Friday, September 9, 2011

How DO I Write?

I see a little girl with pretty pigtails or a quiet bridge laced with vines. Sometimes I sketch it first; sometimes I feel a color and select a matching-hued notebook from my hoard. Some things are surefire inspiration each time like warm summer rain; some are flickering lightbulb ideas that pop in sudden bursts like a touching line.

Some days I can plan to write with my special writing songs' aid ("Never Stop" and "Bandoneon Acorazado" have never failed me--so helpful in November when I'm churning out sixteen hundred words a day), but some days I must pack my bags and grab my passport to start the journey at the spur of an instant.

Some days I use a clicky pencil to do deeper, more thoughtful pieces as it gives me a moment while writing to plan the next word; a Pilot pen is my rapid-fire beast for sputtered bursts on other days.
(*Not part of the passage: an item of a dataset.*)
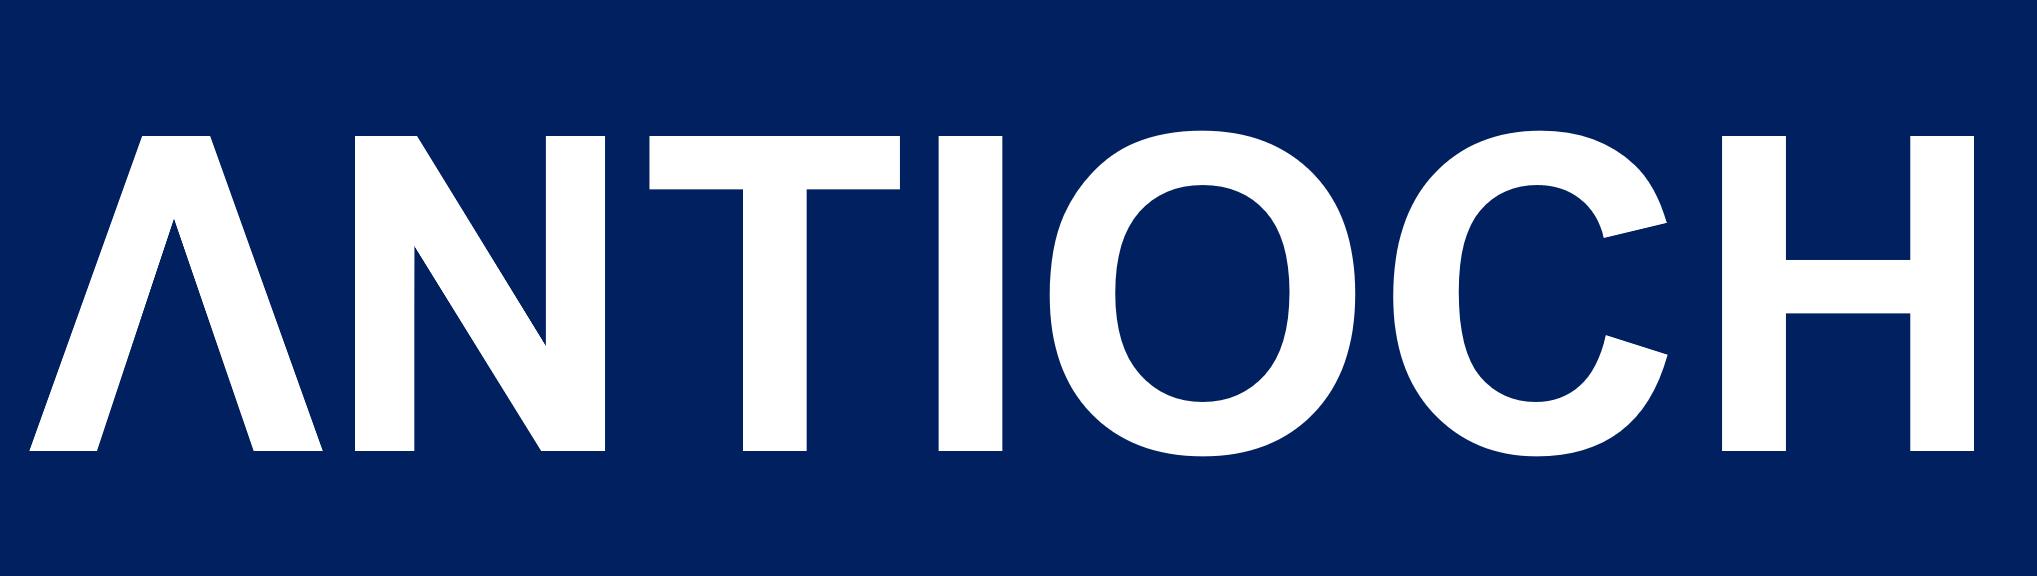 Antioch Digital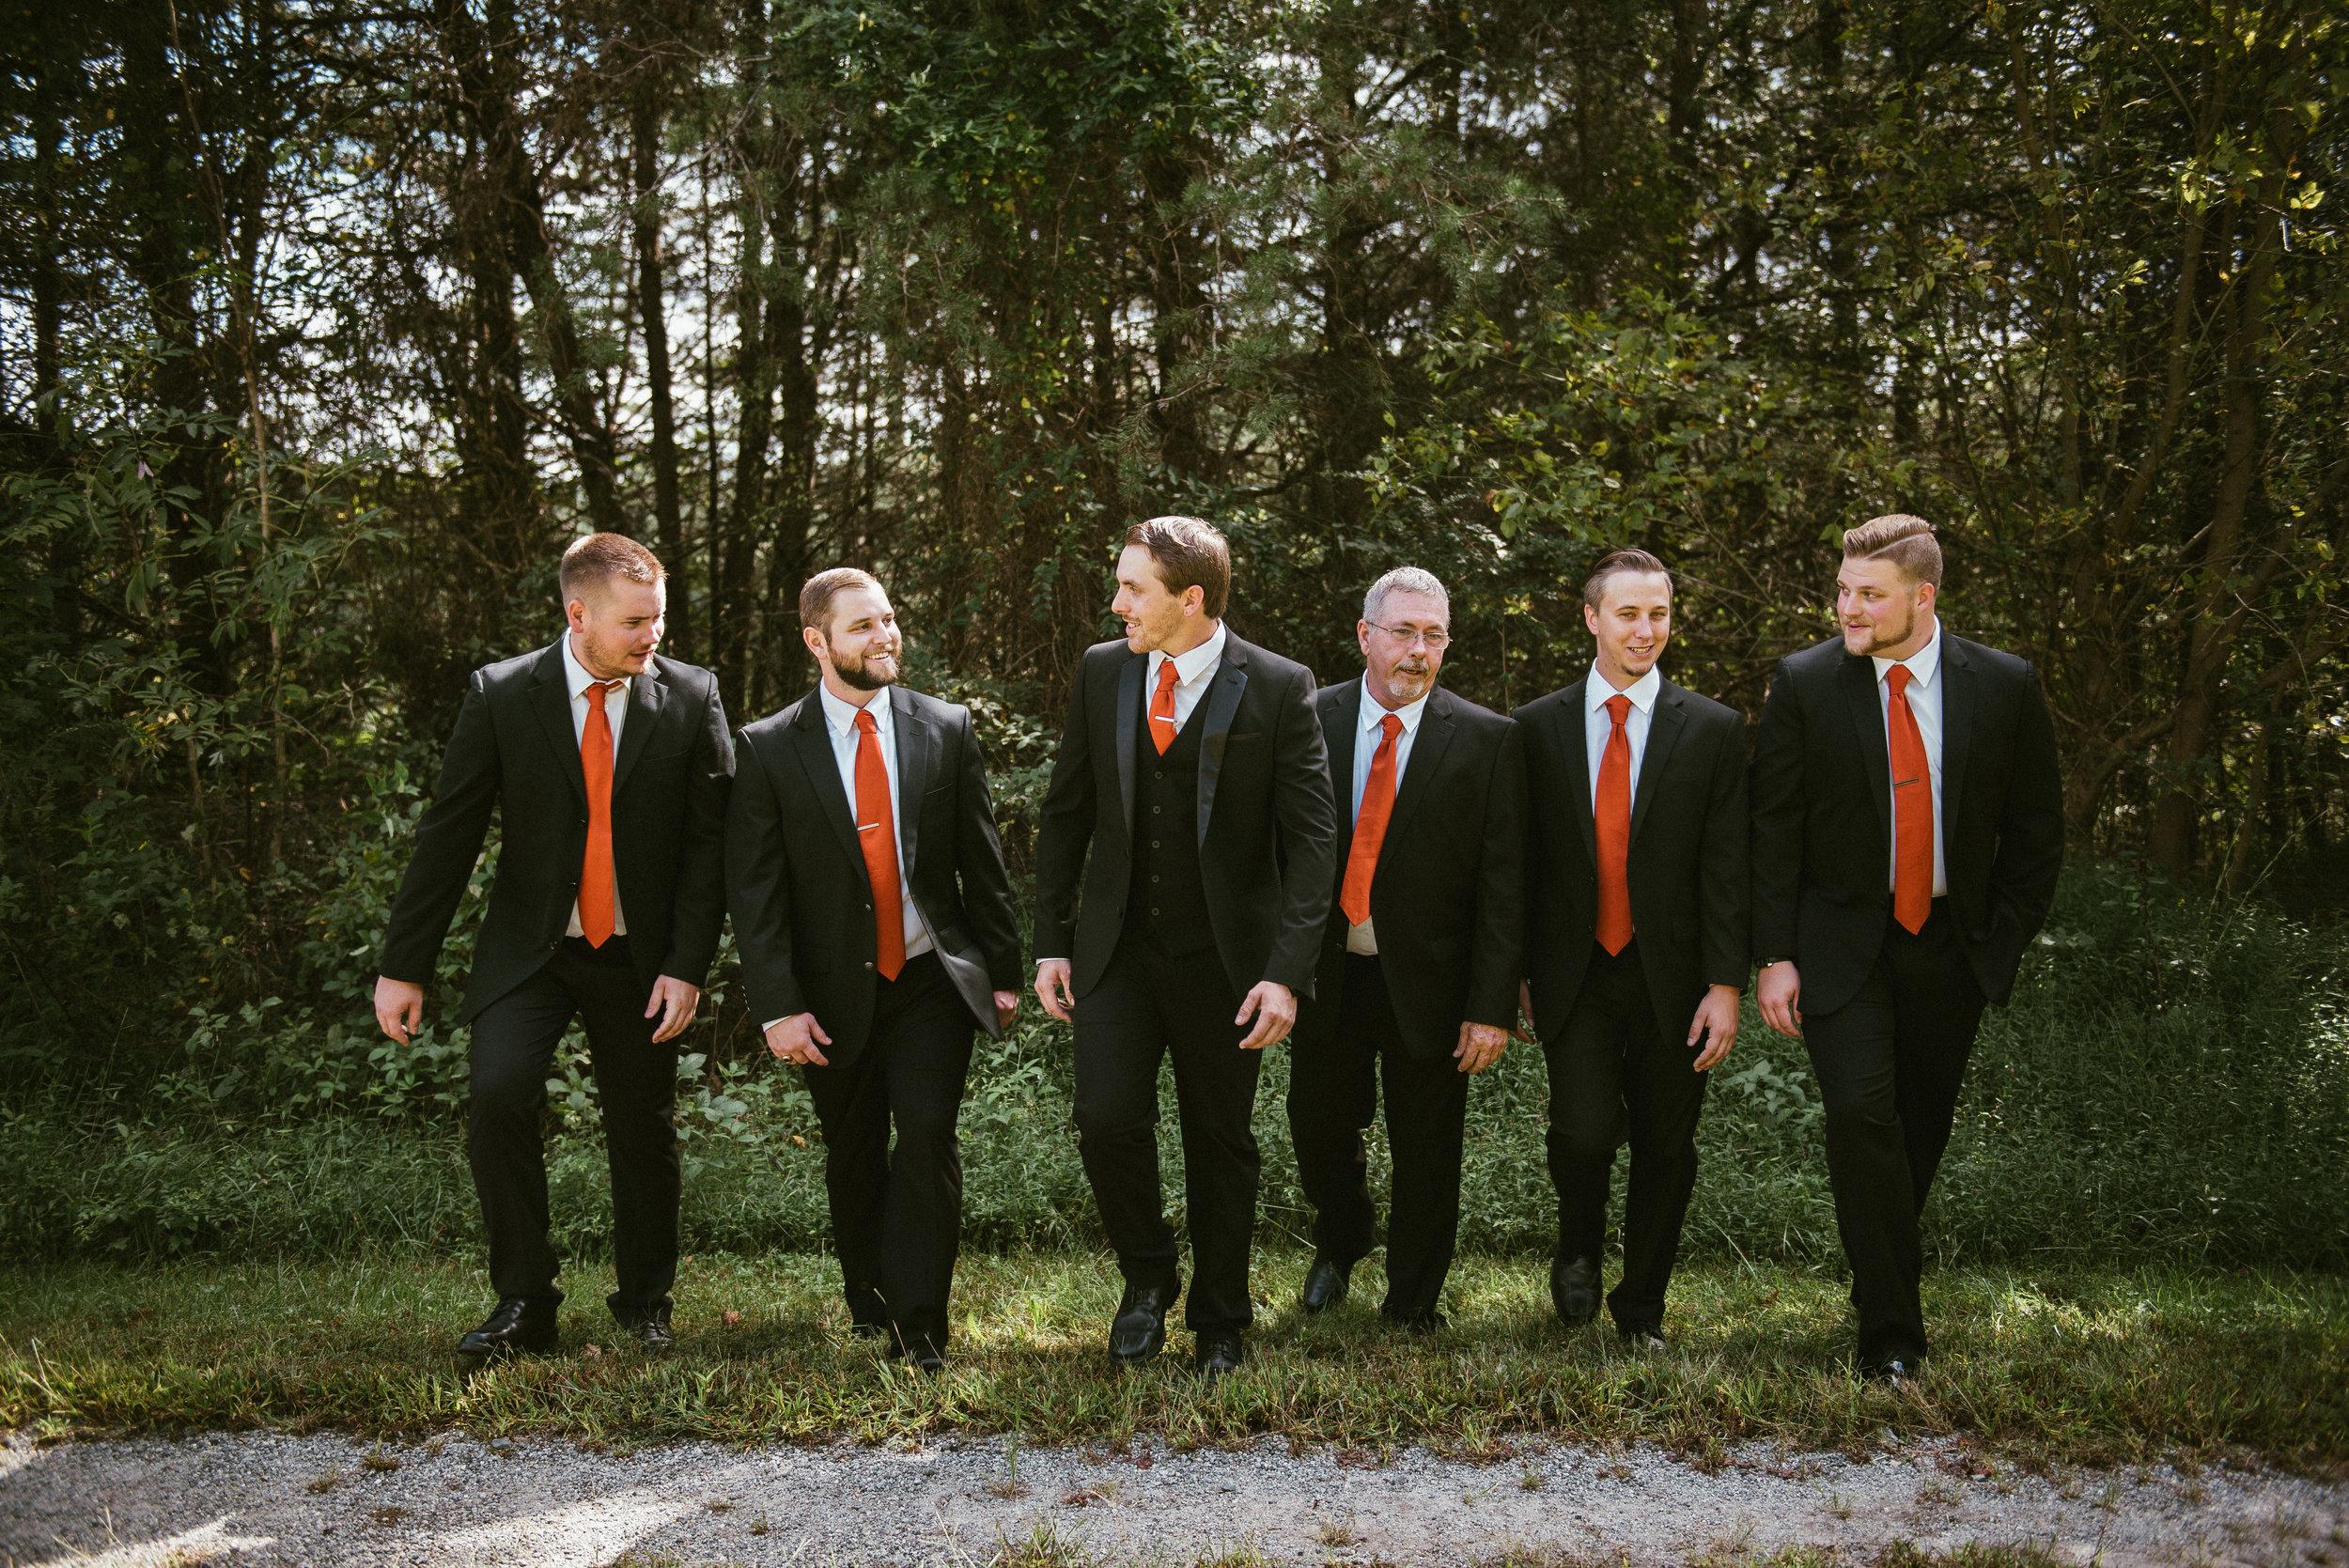 stokesdale wedding - the longhouse wedding - raleigh wedding photographer - stokesdale wedding photographer

Many aeons ago I used a miniature laptop to spill forth my ideas, but the poor thing was in an amnesiac accident and had to be retired. As of late I've discovered how the dusty musk--like a deliciously old book--of a typewriter keeps me punching away at the keys.

Some days I have to wrack the "guys in the sweatshop," as Stephen King so rightly wrote, yet others I find myself scrambling for the nearest notebook to pour down my whim-of-the-moment thoughts and watch it come alive like a Phoenix smouldering from the ashes.